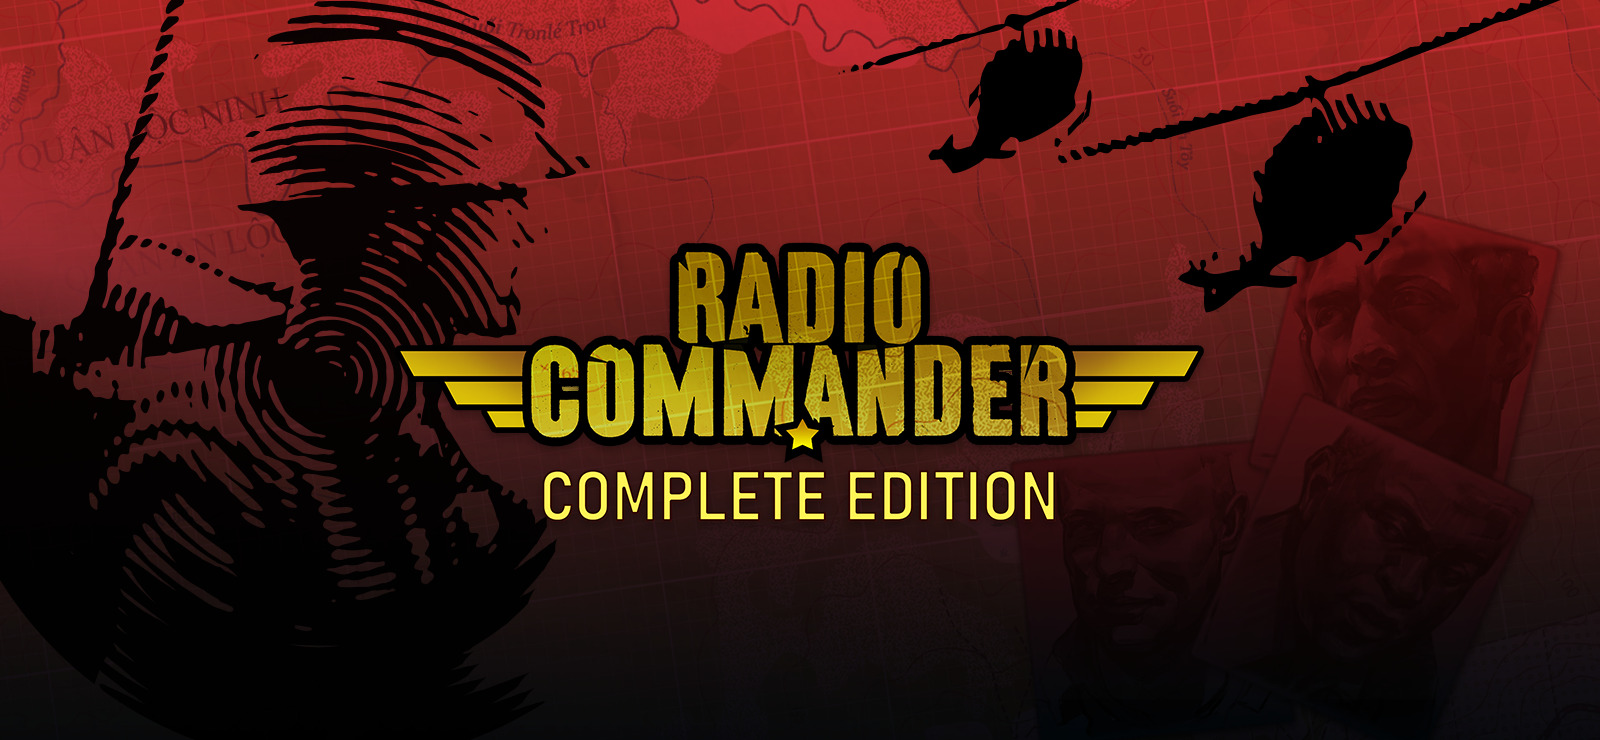 Command completed. Radio Commander. Radio Commander 2. Radio Commander похожие игры. Radio Commander прохождение.
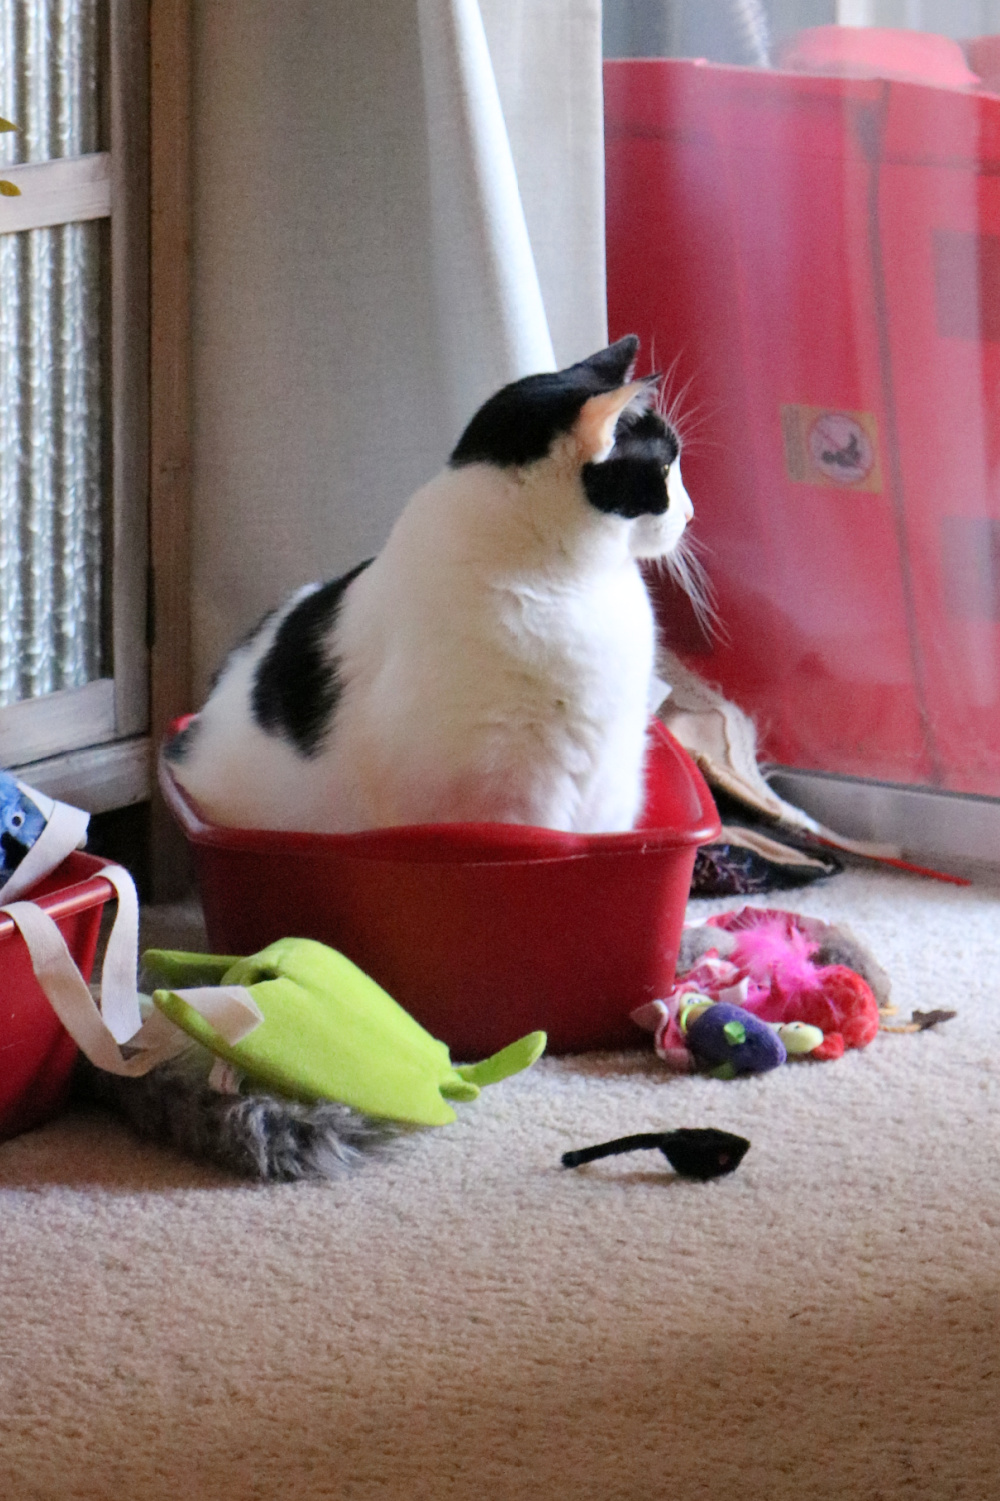 Ivy sitting in her empty toy tub
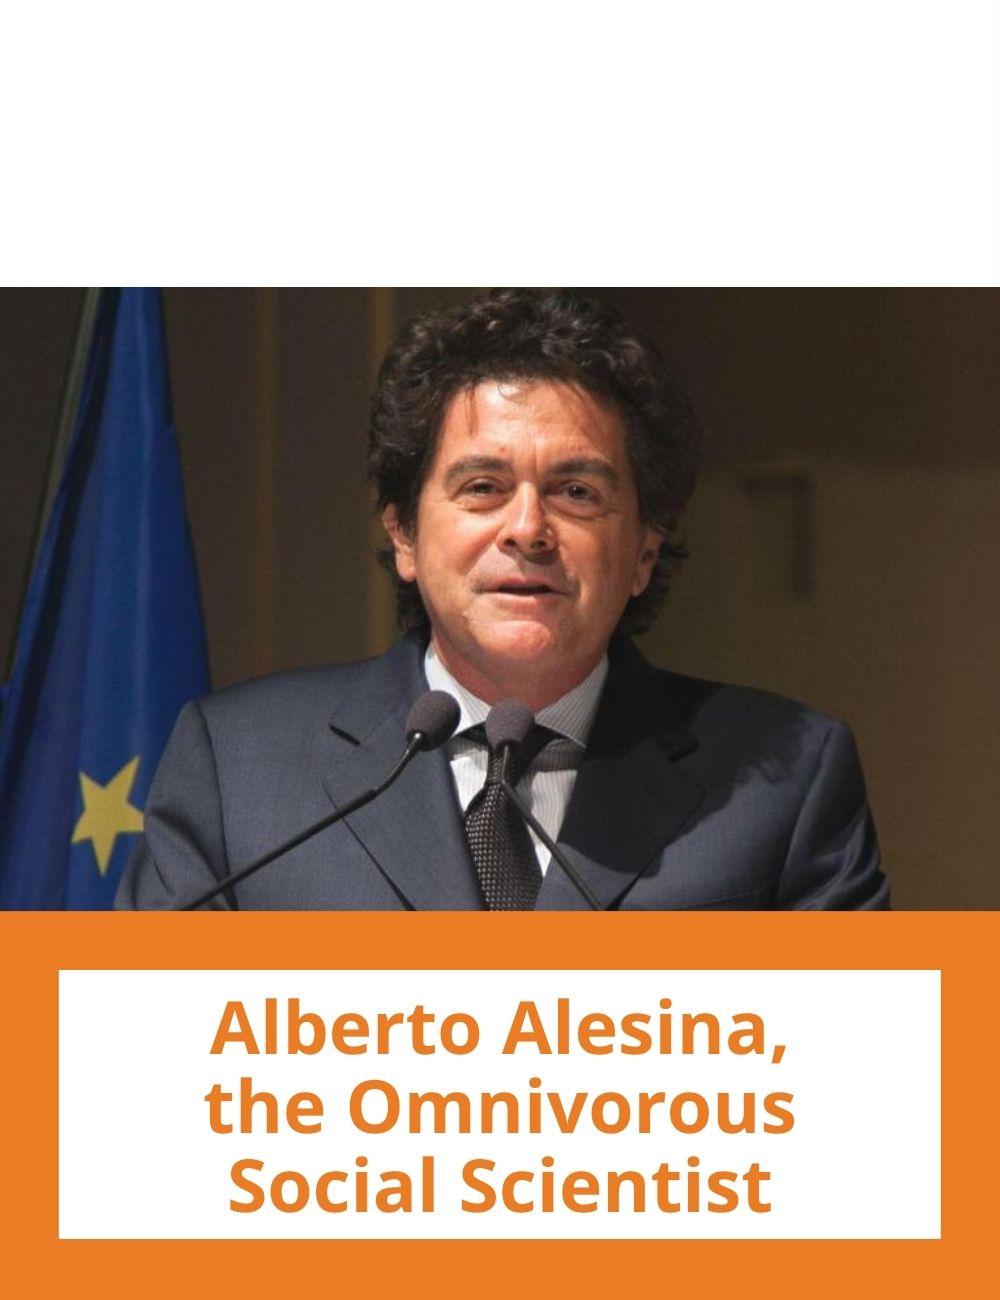 Link to related stories. Image: a photo of Alberto Alesina. Story headline: Alberto Alesina, the Omnivorous Social Scientist

________________________

Omit the pictures, then set down all the remaining data exactly as given.

Response to this task ->
 Command completed. Radio Commander. Radio Commander 2. Radio Commander похожие игры. Radio Commander прохождение.
 Ivy sitting in her empty toy tub
 Link to related stories. Image: a photo of Alberto Alesina. Story headline: Alberto Alesina, the Omnivorous Social Scientist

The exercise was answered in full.